● Supplied information:
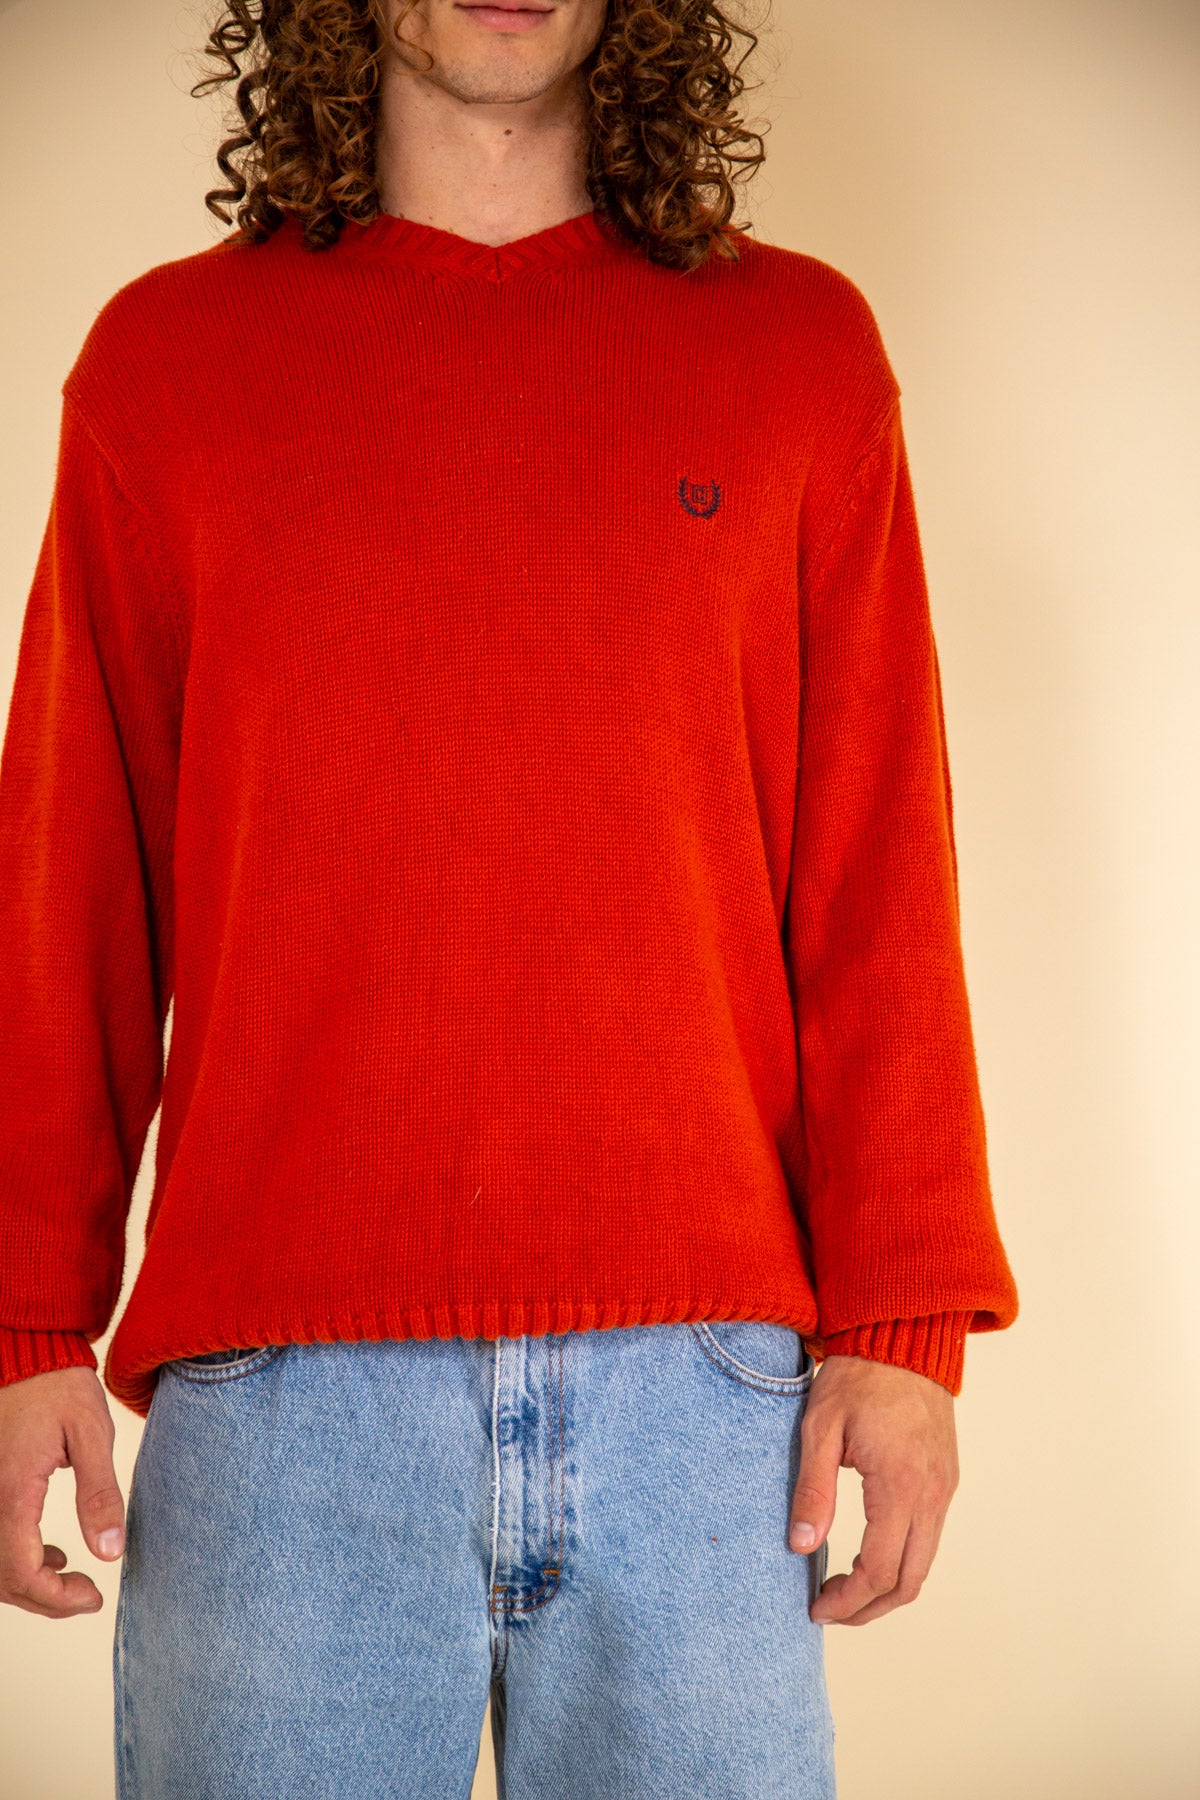 Chaps Knitted Sweater
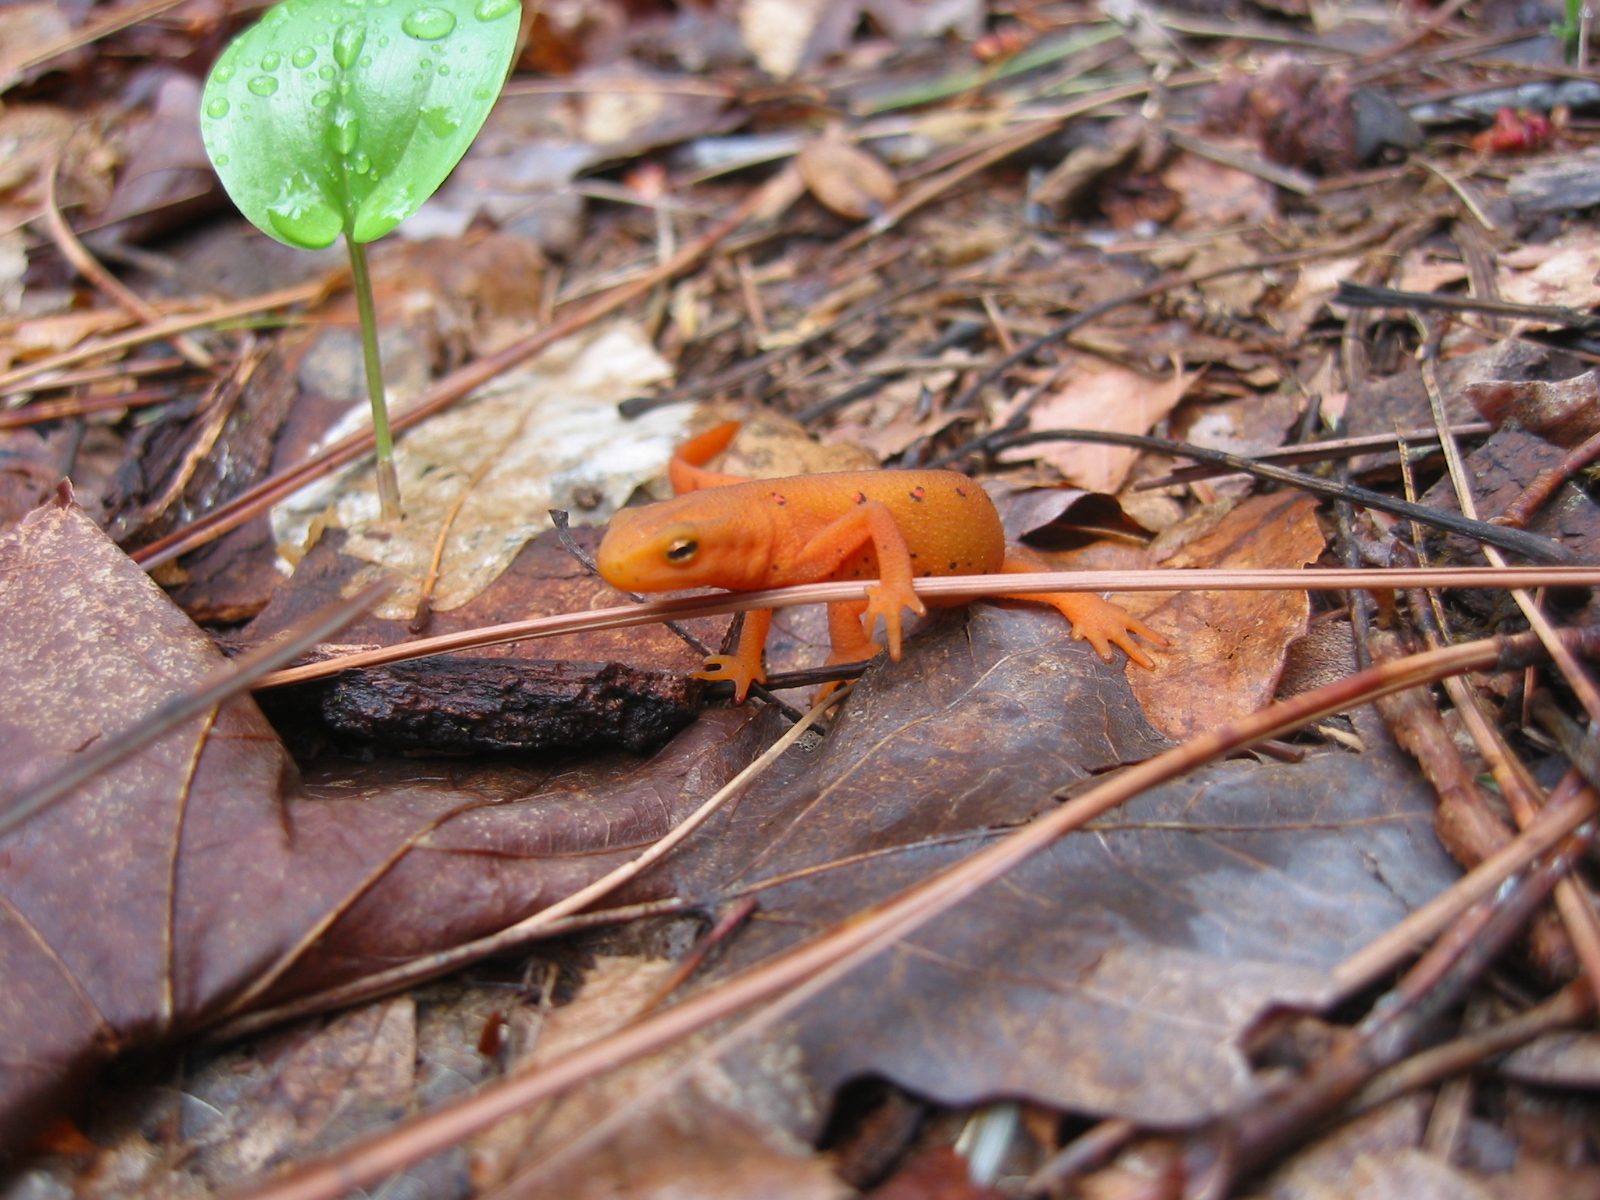 Red eft (tiny orange salamander) climbing over a single brown pine needle on a forest floor.
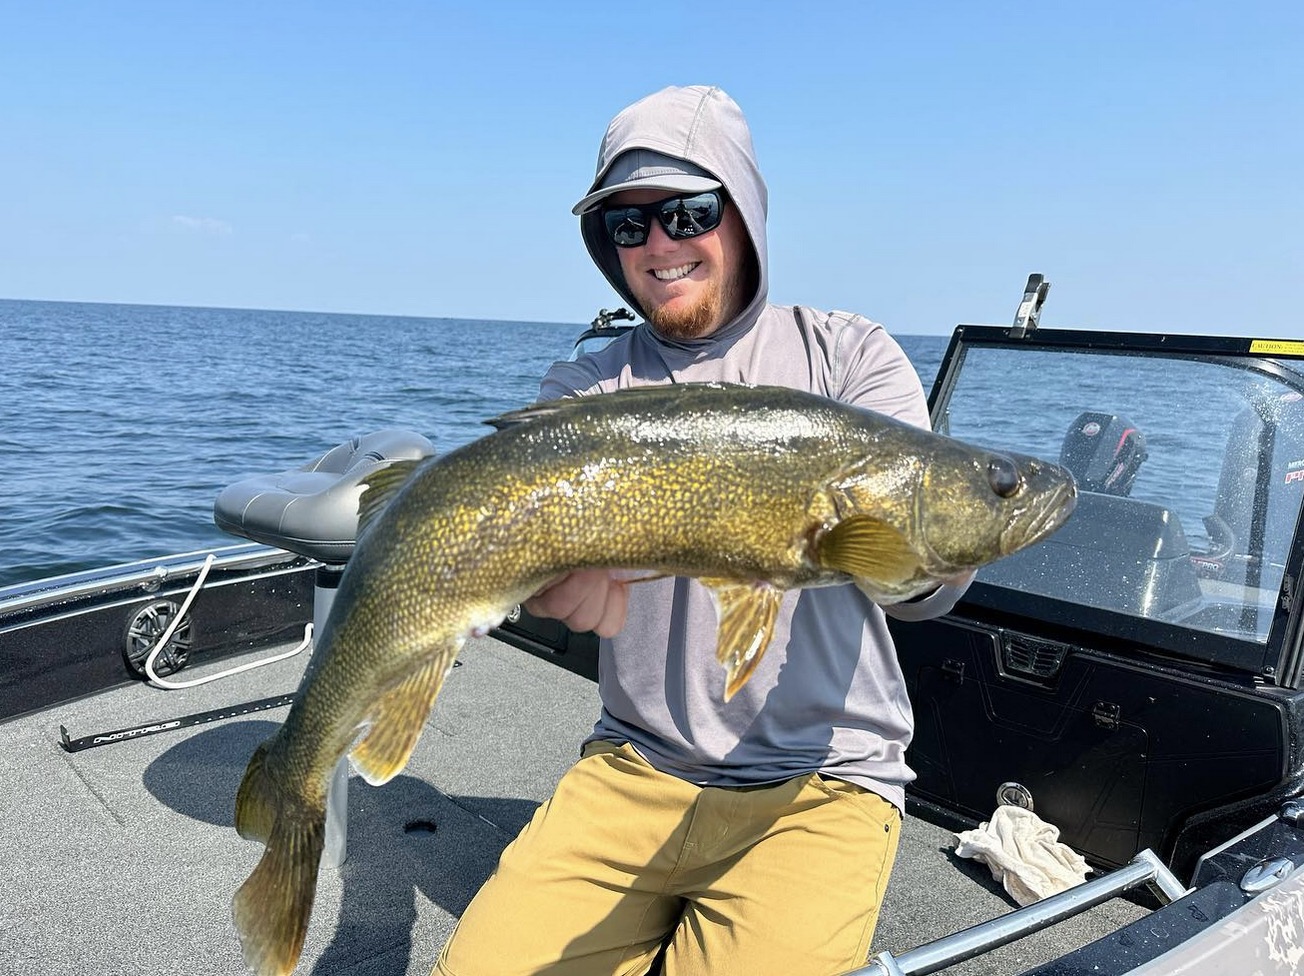 Mono out-fishes braid, 24k gold walleye dinner, Giant cisco eater
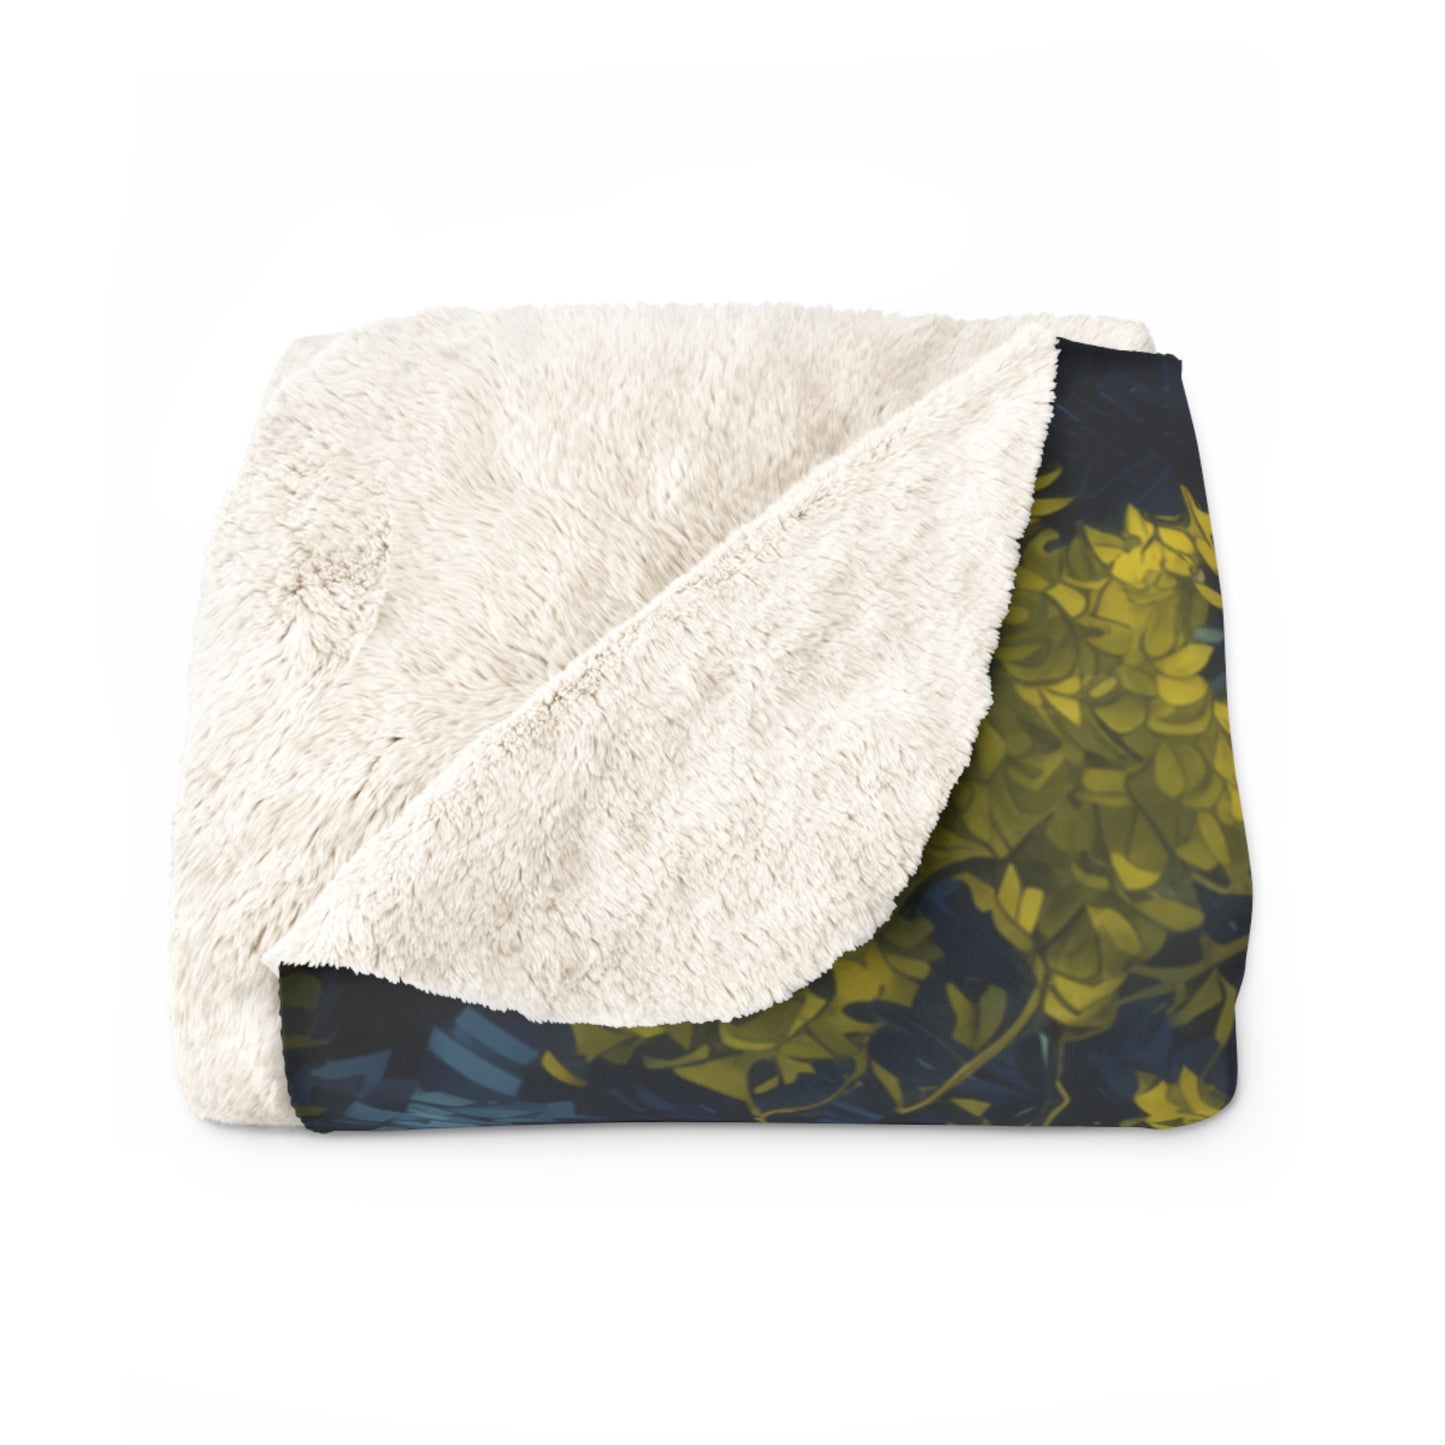 Everglades National Park Sherpa Blanket - The Starry Night

● Activity:
When you restate the listing, keep every word as it is and drop the pictures.

● Answer to the problem:
 Chaps Knitted Sweater
 Red eft (tiny orange salamander) climbing over a single brown pine needle on a forest floor.
 Mono out-fishes braid, 24k gold walleye dinner, Giant cisco eater
 Everglades National Park Sherpa Blanket - The Starry Night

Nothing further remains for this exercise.